September 11th, 2004

(no subject)

When Arjan enabled ub in Rawhide, it tripped a number of bug reports. I was actually surprised to learn how popular Rawhide is, considering that Fedora itself does not have all that long an update cycle. Quite a number of people were upset and bitched about the demise of Red Hat Linux in a box and short life cycle of Fedora releases. But getting back on track, two main problems of ub were an Oops when a mounted stick was unplugged and that hald went crazy. Actually, it didn't, but it filled /var/log/messages with block level errors. It seems that hald was opening all devices periodically, and since we now have udev, it was able to open ub even though nobody ran mknod to create device nodes. At this level of automation I'm going to get hit in the nads by an automatic toilet seat very, very soon.
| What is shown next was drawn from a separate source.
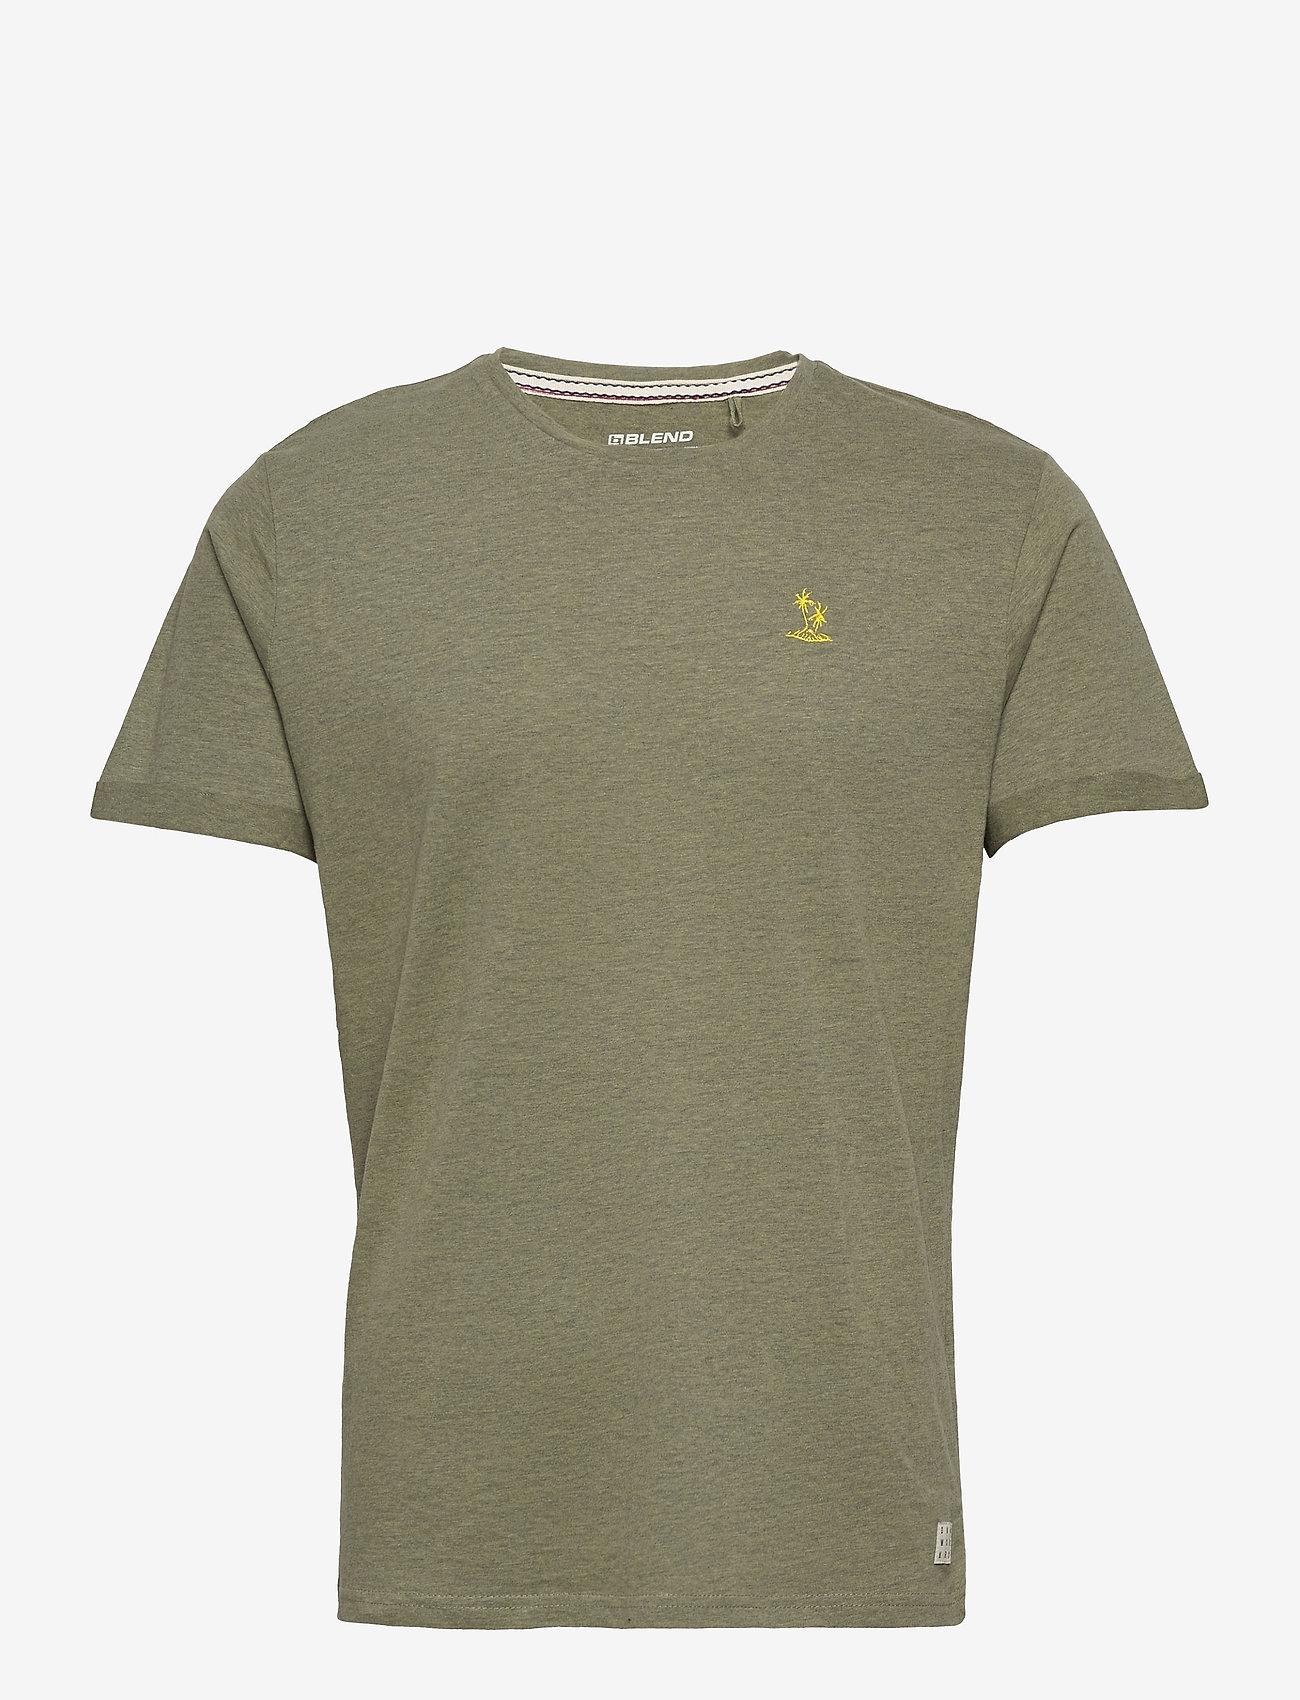 Blend - Tee - t-shirts basiques - oil green - 0

The hald problem received more attention, but actually it was an easy one. I should have sent a fix couple of weeks ago, but I all this time I hoped to fix the Oops RSN and send both. The Oops was caused by an attempt to call put_disk from ub_disconnect(), which pulled the rug from under the upper layers. My first reaction was to move it to ub_cleanup, which is a refcounted tail destructor, similar to scsi_disk_put. However, immediately I started to doubt that it was sufficiently bulletproof. The ub_cleanup is called from the release method, right? So, the release is not done at the time yet, structures are still in place. How doing put_disk there is any better than doing it from a disconnect? The whole construct rides on an assumption that nobody tries to do anything to the device (like an open) between the return of the release method and the teardown of all structures in the block device layer. And I just did not trust that to work and be race free.

Instead of doing the obvious, I sat and scoped an implementation where disk was never released, ever. Just its geometry was changing when media was pulled or devices were disconnected. Rock solid. However, the result was messy. First, I had to create states for the whole device, with a lot of confusion over what states are needed and what to do with them. Second, initialization had to be refactored into sendmail-ish mess, because now sometimes I received a fresh ub_dev with no disk, and sometimes a previously owned one with disk preallocated. And third, I had to copy the code to force a partition rescan from dasd.c. When I did that I understood that I went too far, quickly moved put_disk to ub_cleanup and sent a patch to Greg.

The result was two weeks of angry Rawhide users. Sometimes I'm wondering what is wrong with me? Maybe I should start a second career in real estate.